Without changing a word, repeat the data, and include no pictures.
====== SUPPLIED MATERIAL
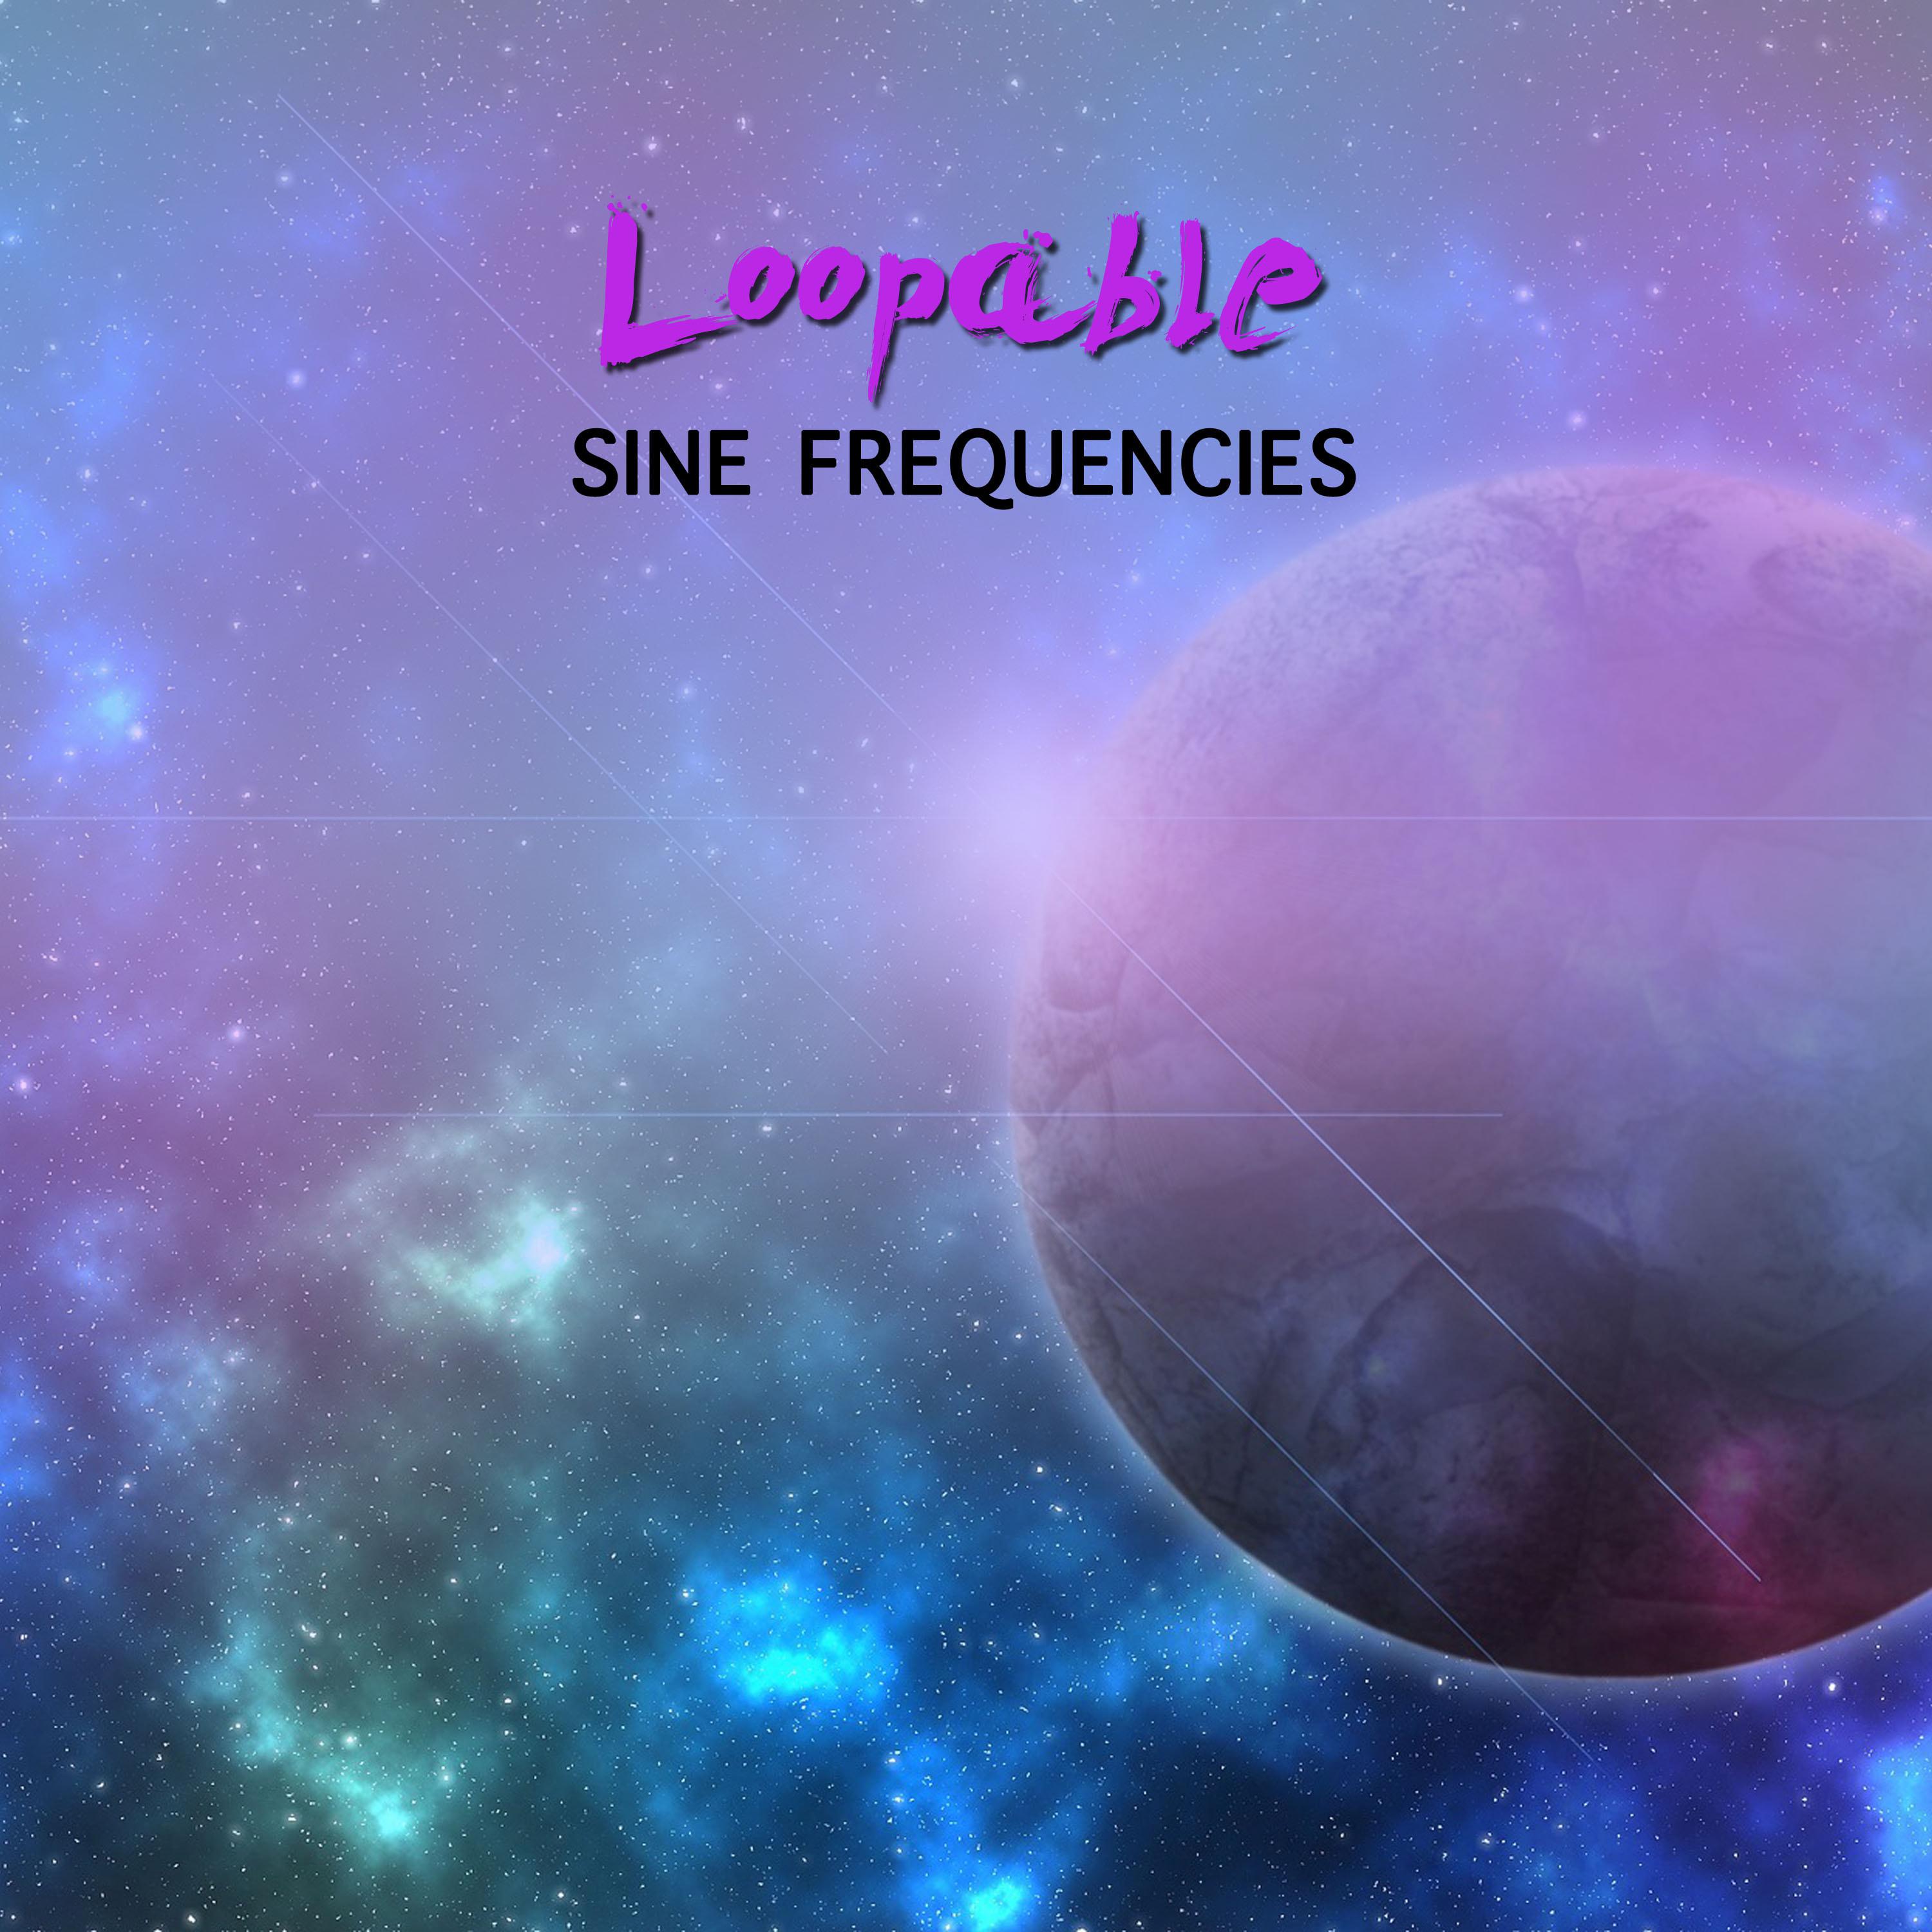 #12 Loopable Sine Frequencies
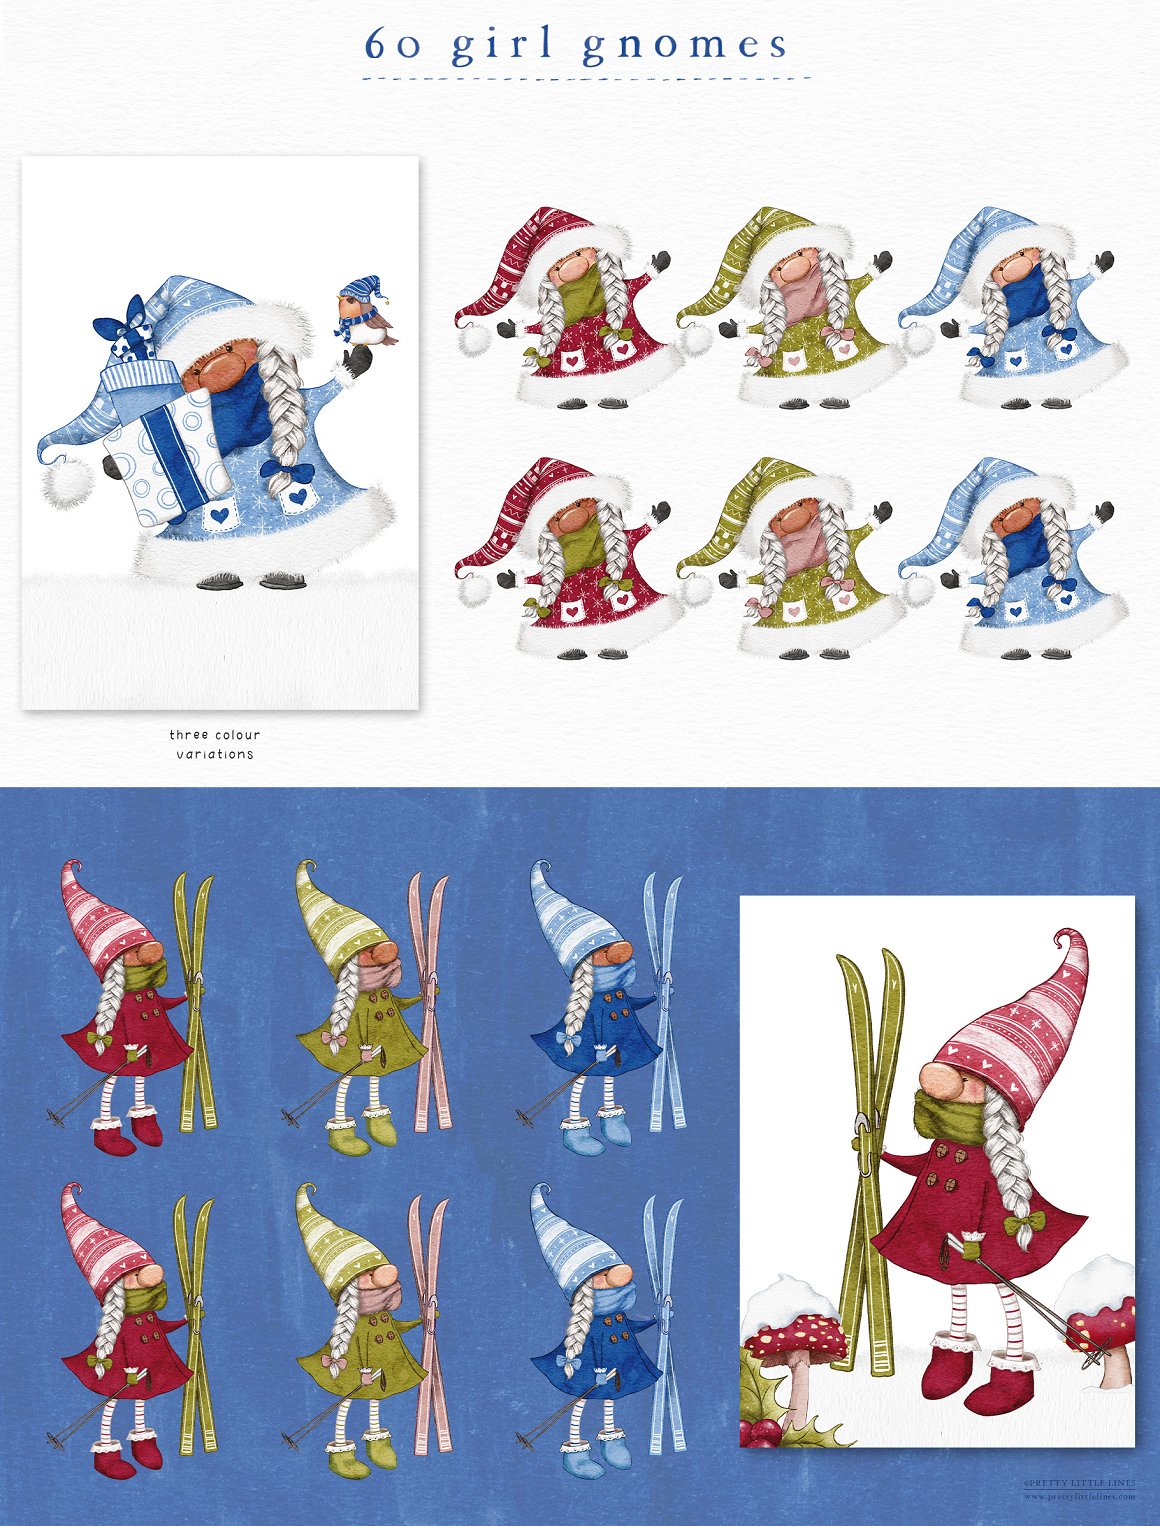 White and blue background with dwarfs in striped clothes.
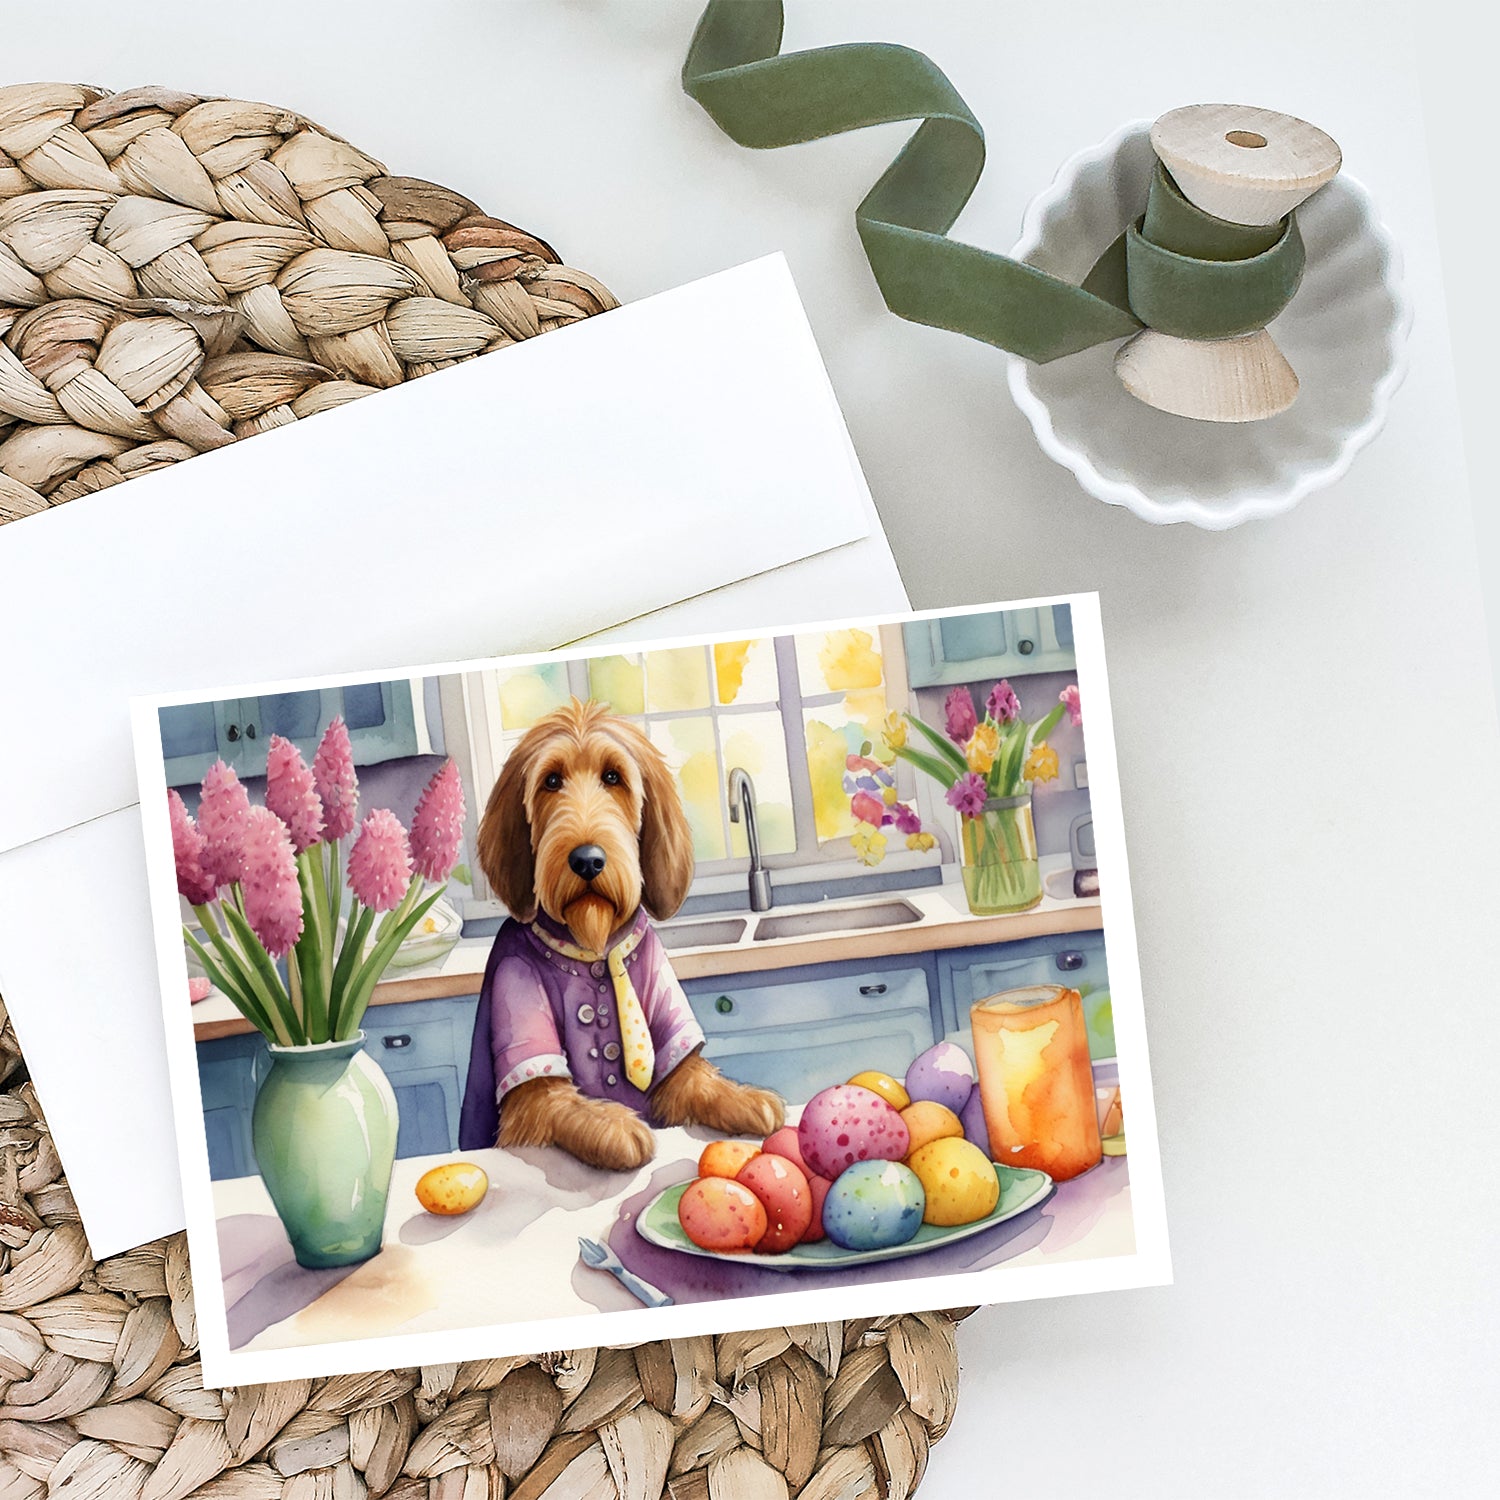 Buy this Decorating Easter Otterhound Greeting Cards Pack of 8
============
OUTPUT BELOW:
 #12 Loopable Sine Frequencies
 White and blue background with dwarfs in striped clothes.
 Buy this Decorating Easter Otterhound Greeting Cards Pack of 8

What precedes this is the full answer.